Haupt- und Nebenrollen waren meiner Meinung nach in allen Fällen gut bis sehr gut besetzt.
Ich finde, dass man für die Hauptrolle keinen Besseren als Russell Crowe hätte finden können.
Die Regie
*********
Warum erhielt Ron Howard die Auszeichnung \"Bester Film\" und \"beste Regie\"?
\"Apollo 13\" war Ron Howards erstes Werk, das auf wahren Begebenheiten basiert. Jetzt,
sieben Jahre später folgt \"A beautyful mind\". Der deutsche Untertitel lautet \"Zwischen Genie und Wahnsinn\". Der Film räumte 4 Golden Globes und 4 Oscars ab.
Zuerst nimmt John Nash den Kinozuschauer mit seinem extravaganten Wesen und seinem Sarkasmus ein. Dann stellt sich heraus, dass scheinbar reelle Bilder Nashs Fantasie entsprungen sind. In behutsamen Zeitsprüngen führt der Regisseur durch das Leben des genialen Mathematikers. Unterstützt werden diese Zeitsprünge durch eine sehr gute Maske.
Ich finde es sehr rührend, wie der Nobelpreis-Gewinner zum Schluß seine Frau durch seine Rede ehrt. Ich musste ein paar Tränchen verdrücken an dieser Stelle. Er merkte, dass es noch etwas anderes außer der Mathematik gab, das ihm etwas bedeutete. So wird der Regisseur auch den Romantikern unter uns gerecht.
Ein Großteil der bezeichneten Personen leben noch. So muß der Film eine richtige Herausforderung für Schauspieler und Regisseur geworden sein.
Obwohl das Drehbuch sehr nah an der Wirklichkeit ist, vermag es jedoch nicht Nashs Theorien verständlich darzulegen. Das ist leider auch Sylvia Sasar, die die zugrundeliegende Biographie (Auf den fremden Meeren des Denkens) geschrieben hat, nicht wirklich gelungen.
Kurz: Ron Howards trifft den Nerv der konservativen Jurie und des Publikums.
Die Filmmusik
************
James Horner, der auch schon die Filmmusik zu \"Titanic\" schrieb, bevorzugt bei \"A beautyful mind\" klassische Untermalung. Klavier, Streicher und weiblicher Gesang spielen eine große Rolle. Seine stimmungsvolle Musik unterstreicht den Charakter des Filmes optimal. Zu einem Filmpreis für \"Die beste Filmmusik\" reicht es jedoch nicht, denn an manchen Stellen hat er vielleicht ein bisschen dick aufgetragen, wobei an anderer Stelle das gewisse Etwas fehlt. Alles in allem möchte ich die Filmmusik als sanft und ruhig bezeichnen.
Buch-Adaption
*************
Auch dafür erhielt der Regiesseur einen Preis. Dabei kam es schon im Vorfeld zu Kritik.

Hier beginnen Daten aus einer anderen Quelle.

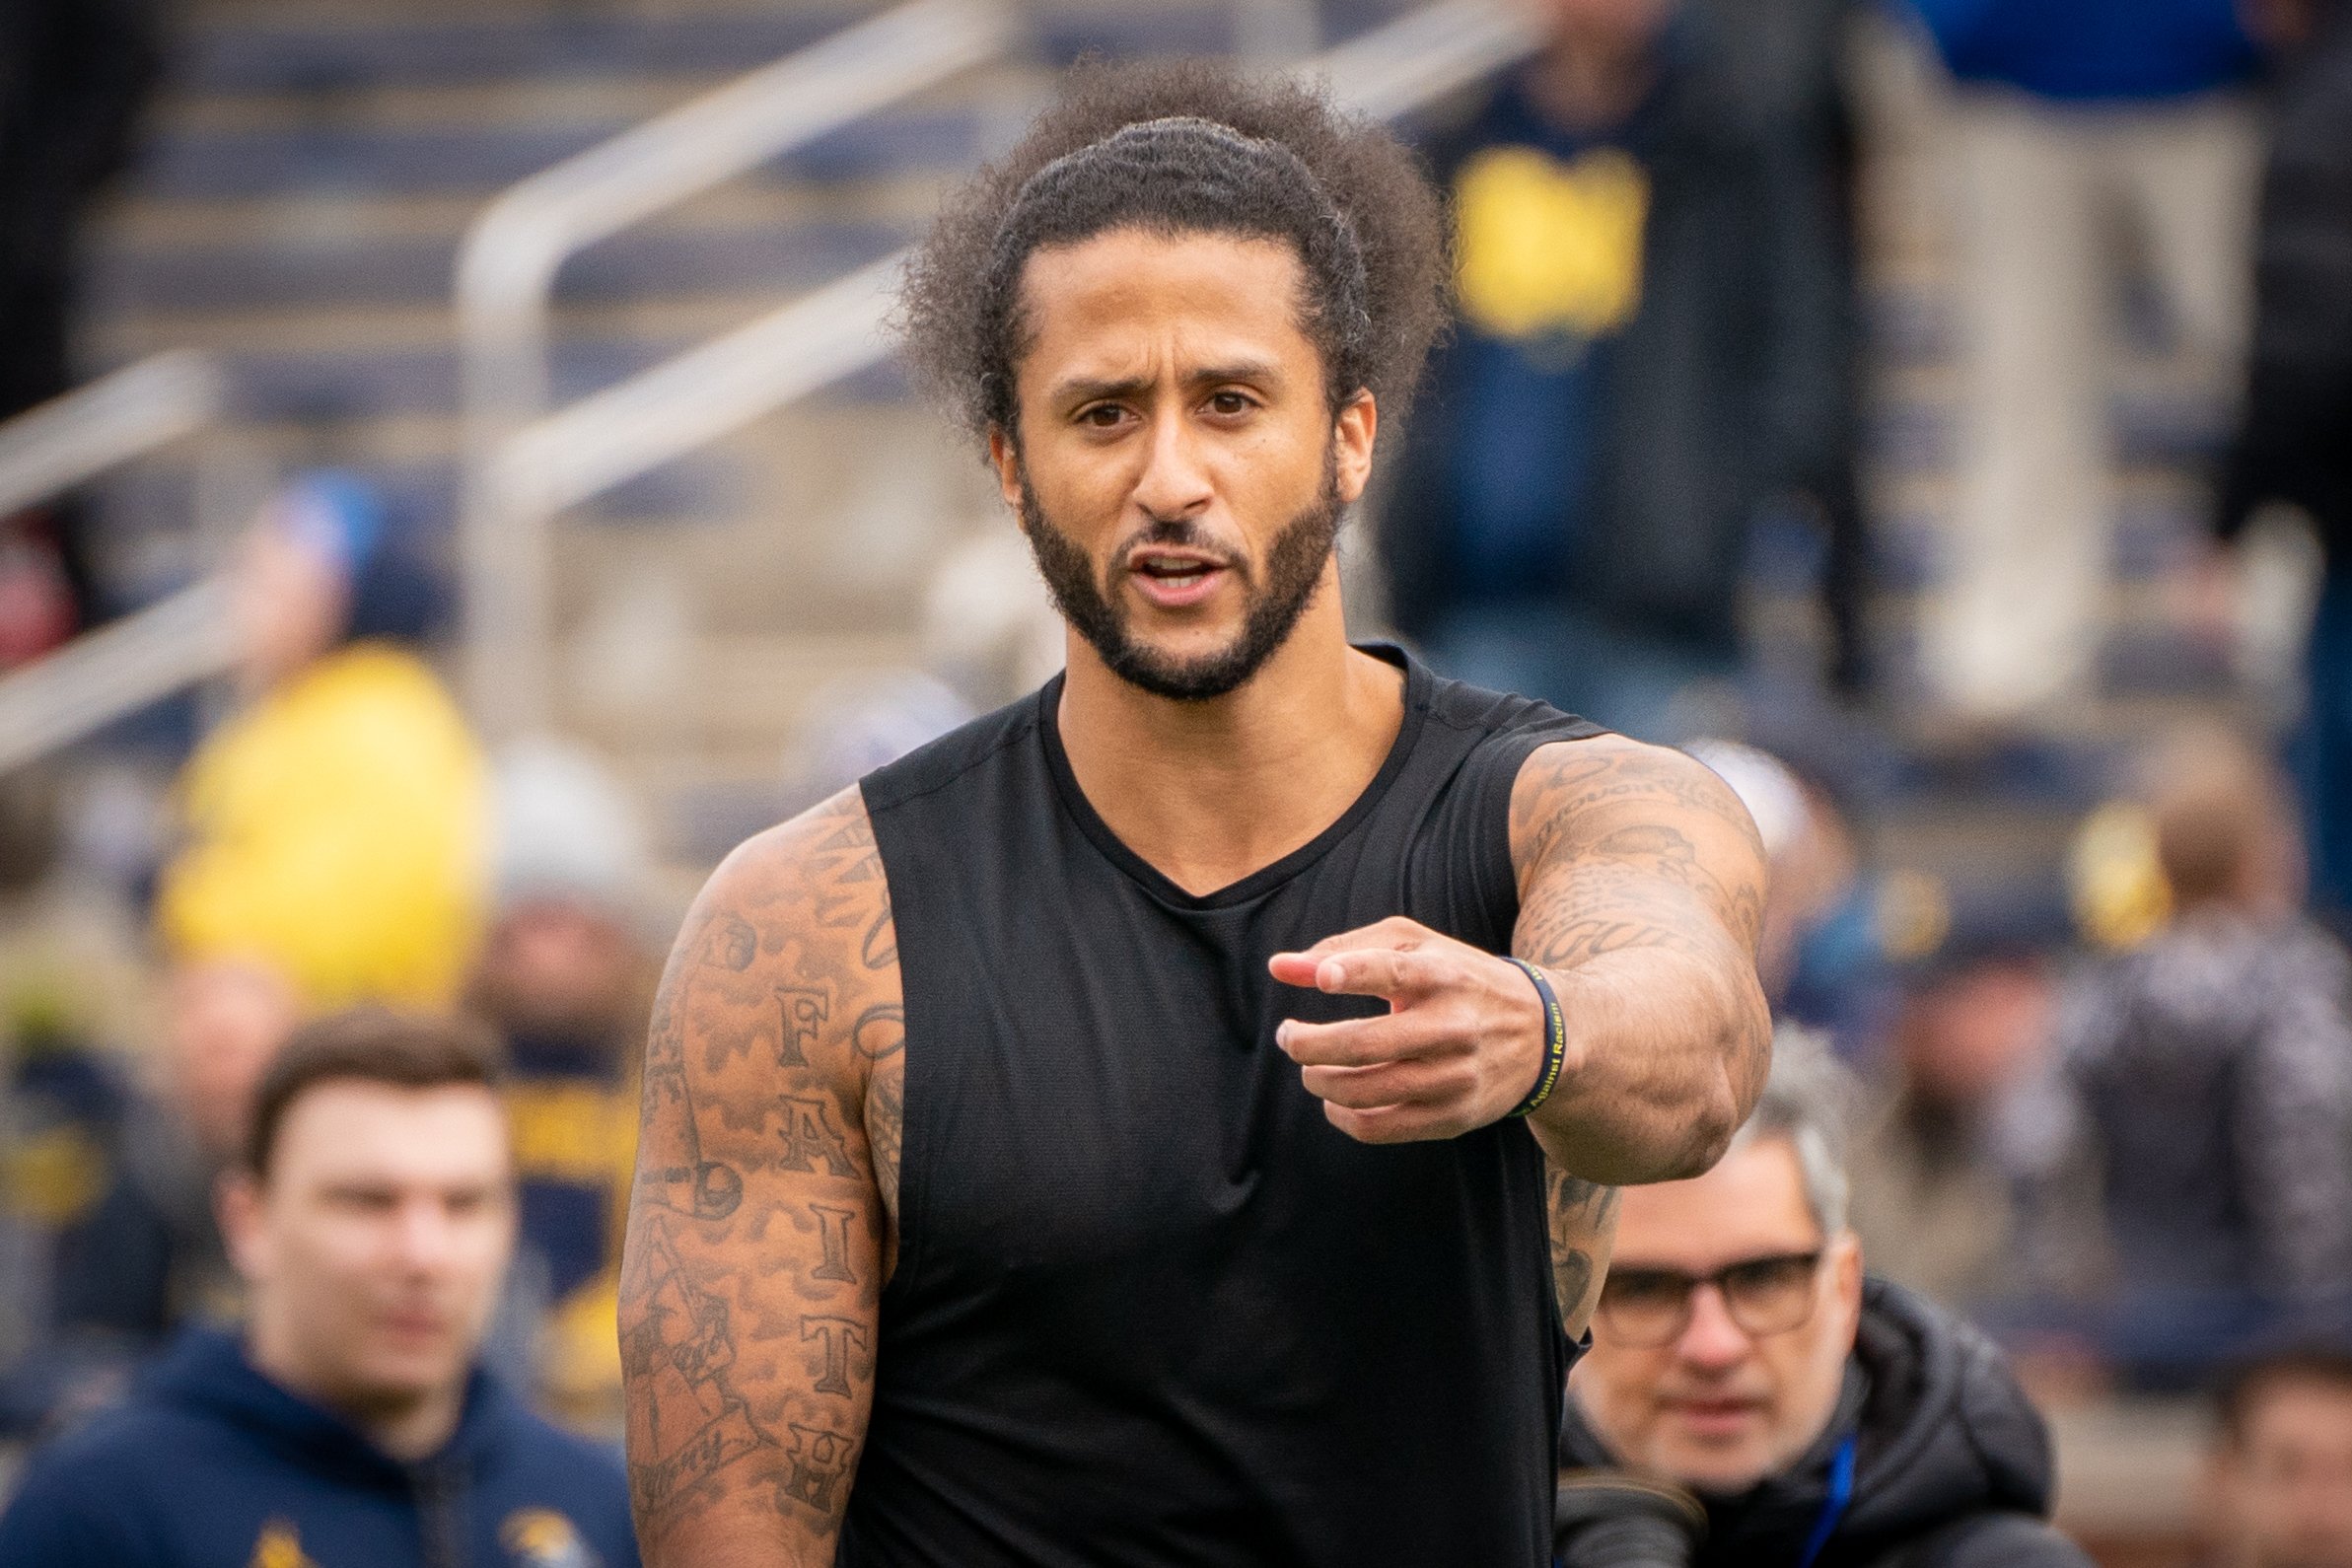 Colin Kaepernick photographed as he participates in a throwing exhibition d...

Einige Details aus Johns Leben wurden einfach unter den Tisch fallen gelassen; z.B. sexuelle Neigungen, politische und Einstellung und die Scheidung von seiner Frau. Daher kann ich diese Preisverleihung nicht nachvollziehen.

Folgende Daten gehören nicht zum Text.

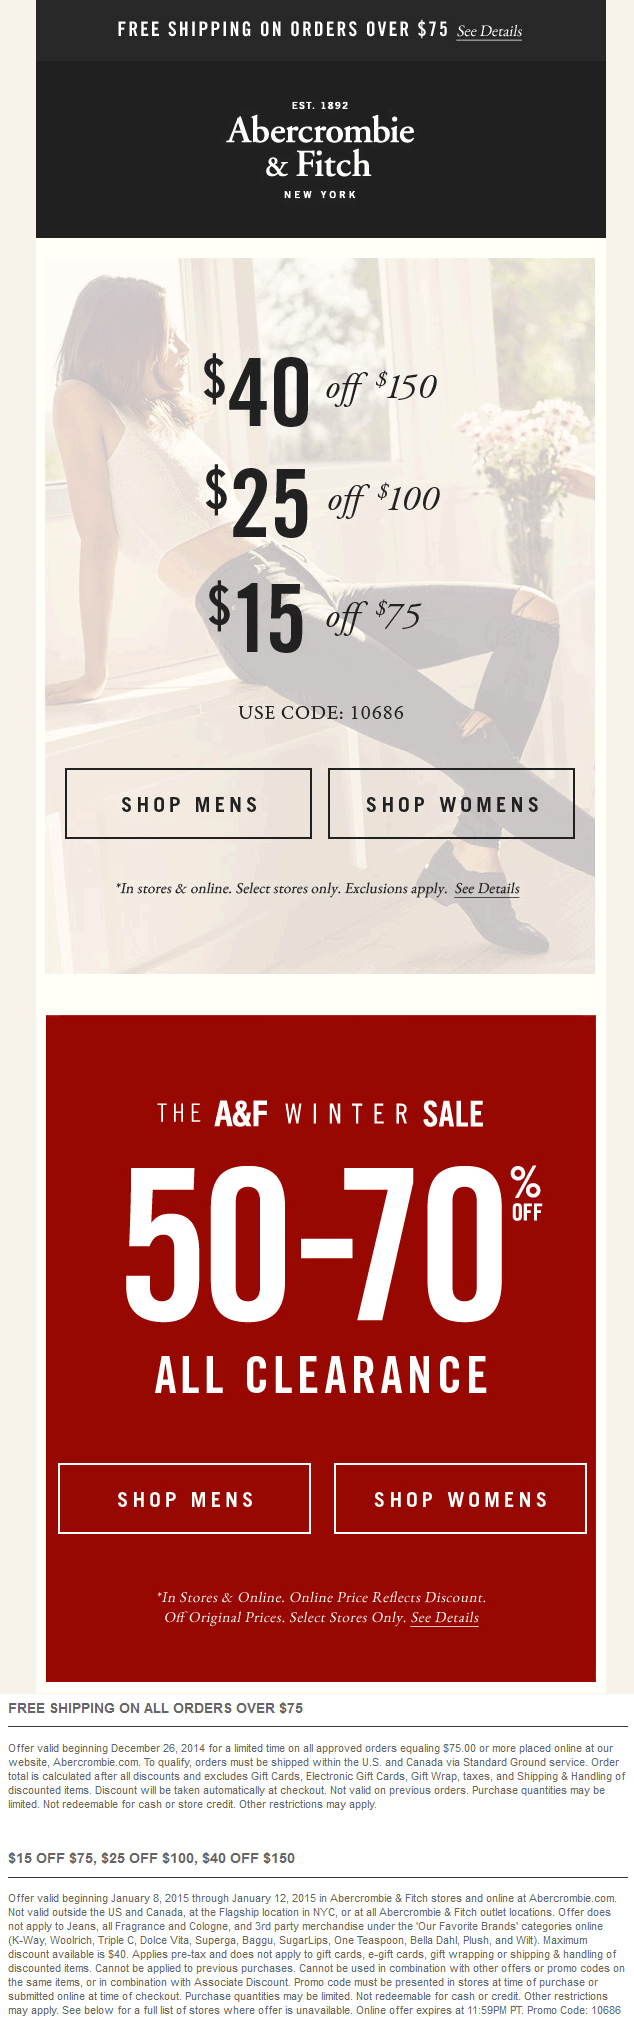 Abercrombie & Fitch Coupon April 2024 $15 off $75 & more at Abercrombie & Fitch, or online via promo code 10686

Aus der Sicht der Regie ist es verständlich, dass einige Details nicht erwähnt werden, denn sonst wäre das Drehbuch zu ausschweifend geworden. Ausschweifend und unverständlich. Die Krankheit \"Schizophrenie\" ist sehr schwer darzustellen. Dies ist Howard jedoch meisterhaft gelungen. Zuerst wird man vermutlich einen Thriller erwarten, dann spielen dramatische Aspekte des Lebens eine Rolle und auch Elemente des Liebesfilmes sind vertreten. Hollywood hat erheblich an der Biographie gefeilt, damit es die Botschaft \"man kann alles schaffen, wenn man nur will\" glaubhaft vermitteln kann.
Allgemeine Filminfos auf einen Blick
*******************************
Drehorte: Fast ausschließlich New York und New Jersey
In New Jersey befindet sich auch die Princeton Universität.
Hauptdarsteller
Russell Crowe als John Nash
Jennifer Connelly als Alicia Larde Nash
Ed Harris als William Parcher
Regie
Regie: Ron Howard
Drehbuch: Akiva Goldsman
Nach einem Roman von: Sylvia Nasar
Dauer: ca. 135 Minuten
Meine Meinung
*************
Da mich das Thema \"Schizophrenie\" und Psychiatrie generell interessiert, hat mich der Film besonders angesprochen. Die intensive Beschäftigung mit dem Film hat mich dazu bewogen, mal wieder einen Bericht zu schreiben.
Das Beispiel John Nashs schokiert und macht gleichzeitig Hoffnung. Hoffnung, daß man mit der Diagnose \"paranoide Schizophrenie\" wieder ins Leben zurückfinden kann. Es ist die Lebensgeschichte eines realen Menschen. Das bewegt mich sehr. Dadurch gelingt es dem Regisseur aber auch, mitreißend darzustellen, wie man sich diese schwer zu begreifende Krankheit vorstellen kann.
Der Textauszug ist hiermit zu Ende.